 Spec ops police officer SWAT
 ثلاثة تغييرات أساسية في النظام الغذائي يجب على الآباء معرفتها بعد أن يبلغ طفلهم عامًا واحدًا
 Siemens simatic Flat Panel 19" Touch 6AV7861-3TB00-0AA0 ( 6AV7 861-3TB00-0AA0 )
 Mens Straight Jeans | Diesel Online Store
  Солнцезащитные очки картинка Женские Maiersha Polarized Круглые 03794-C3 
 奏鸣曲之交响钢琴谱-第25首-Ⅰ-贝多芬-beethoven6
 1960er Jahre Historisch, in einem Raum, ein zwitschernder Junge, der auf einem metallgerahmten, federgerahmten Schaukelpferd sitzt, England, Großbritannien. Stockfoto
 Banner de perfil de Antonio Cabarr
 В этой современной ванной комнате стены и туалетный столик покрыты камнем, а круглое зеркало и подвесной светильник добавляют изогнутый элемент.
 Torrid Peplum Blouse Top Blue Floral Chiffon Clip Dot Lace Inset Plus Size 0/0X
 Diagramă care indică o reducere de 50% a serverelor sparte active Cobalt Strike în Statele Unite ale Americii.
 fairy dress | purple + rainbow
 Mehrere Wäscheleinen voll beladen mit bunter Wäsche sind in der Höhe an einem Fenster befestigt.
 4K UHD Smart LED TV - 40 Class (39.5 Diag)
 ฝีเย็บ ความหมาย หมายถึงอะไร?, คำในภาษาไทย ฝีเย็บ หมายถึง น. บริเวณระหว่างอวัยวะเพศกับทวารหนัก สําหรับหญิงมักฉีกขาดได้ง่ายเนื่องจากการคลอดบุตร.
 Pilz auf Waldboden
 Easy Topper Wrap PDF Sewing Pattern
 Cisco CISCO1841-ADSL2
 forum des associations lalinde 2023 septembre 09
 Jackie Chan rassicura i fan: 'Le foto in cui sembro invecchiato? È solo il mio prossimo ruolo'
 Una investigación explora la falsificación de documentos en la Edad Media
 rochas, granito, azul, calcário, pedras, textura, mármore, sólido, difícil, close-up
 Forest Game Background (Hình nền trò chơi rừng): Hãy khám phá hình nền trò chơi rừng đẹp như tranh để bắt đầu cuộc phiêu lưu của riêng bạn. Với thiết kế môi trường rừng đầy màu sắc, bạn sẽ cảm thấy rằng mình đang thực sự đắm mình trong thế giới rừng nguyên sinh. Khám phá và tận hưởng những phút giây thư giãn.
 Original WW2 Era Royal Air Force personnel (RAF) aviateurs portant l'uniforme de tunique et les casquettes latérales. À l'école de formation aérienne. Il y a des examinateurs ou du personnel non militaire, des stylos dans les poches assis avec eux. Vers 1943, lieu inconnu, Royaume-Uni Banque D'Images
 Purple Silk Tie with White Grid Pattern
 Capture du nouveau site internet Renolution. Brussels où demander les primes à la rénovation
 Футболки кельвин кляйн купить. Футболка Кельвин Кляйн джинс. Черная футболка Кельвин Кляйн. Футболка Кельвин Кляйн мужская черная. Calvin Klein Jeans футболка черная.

> **YOUR INSTRUCTIONS**: Output an exact copy of each record.

> **FINAL ANSWER**:
 Spec ops police officer SWAT
 ثلاثة تغييرات أساسية في النظام الغذائي يجب على الآباء معرفتها بعد أن يبلغ طفلهم عامًا واحدًا
 Siemens simatic Flat Panel 19" Touch 6AV7861-3TB00-0AA0 ( 6AV7 861-3TB00-0AA0 )
 Mens Straight Jeans | Diesel Online Store
  Солнцезащитные очки картинка Женские Maiersha Polarized Круглые 03794-C3 
 奏鸣曲之交响钢琴谱-第25首-Ⅰ-贝多芬-beethoven6
 1960er Jahre Historisch, in einem Raum, ein zwitschernder Junge, der auf einem metallgerahmten, federgerahmten Schaukelpferd sitzt, England, Großbritannien. Stockfoto
 Banner de perfil de Antonio Cabarr
 В этой современной ванной комнате стены и туалетный столик покрыты камнем, а круглое зеркало и подвесной светильник добавляют изогнутый элемент.
 Torrid Peplum Blouse Top Blue Floral Chiffon Clip Dot Lace Inset Plus Size 0/0X
 Diagramă care indică o reducere de 50% a serverelor sparte active Cobalt Strike în Statele Unite ale Americii.
 fairy dress | purple + rainbow
 Mehrere Wäscheleinen voll beladen mit bunter Wäsche sind in der Höhe an einem Fenster befestigt.
 4K UHD Smart LED TV - 40 Class (39.5 Diag)
 ฝีเย็บ ความหมาย หมายถึงอะไร?, คำในภาษาไทย ฝีเย็บ หมายถึง น. บริเวณระหว่างอวัยวะเพศกับทวารหนัก สําหรับหญิงมักฉีกขาดได้ง่ายเนื่องจากการคลอดบุตร.
 Pilz auf Waldboden
 Easy Topper Wrap PDF Sewing Pattern
 Cisco CISCO1841-ADSL2
 forum des associations lalinde 2023 septembre 09
 Jackie Chan rassicura i fan: 'Le foto in cui sembro invecchiato? È solo il mio prossimo ruolo'
 Una investigación explora la falsificación de documentos en la Edad Media
 rochas, granito, azul, calcário, pedras, textura, mármore, sólido, difícil, close-up
 Forest Game Background (Hình nền trò chơi rừng): Hãy khám phá hình nền trò chơi rừng đẹp như tranh để bắt đầu cuộc phiêu lưu của riêng bạn. Với thiết kế môi trường rừng đầy màu sắc, bạn sẽ cảm thấy rằng mình đang thực sự đắm mình trong thế giới rừng nguyên sinh. Khám phá và tận hưởng những phút giây thư giãn.
 Original WW2 Era Royal Air Force personnel (RAF) aviateurs portant l'uniforme de tunique et les casquettes latérales. À l'école de formation aérienne. Il y a des examinateurs ou du personnel non militaire, des stylos dans les poches assis avec eux. Vers 1943, lieu inconnu, Royaume-Uni Banque D'Images
 Purple Silk Tie with White Grid Pattern
 Capture du nouveau site internet Renolution. Brussels où demander les primes à la rénovation
 Футболки кельвин кляйн купить. Футболка Кельвин Кляйн джинс. Черная футболка Кельвин Кляйн. Футболка Кельвин Кляйн мужская черная. Calvin Klein Jeans футболка черная.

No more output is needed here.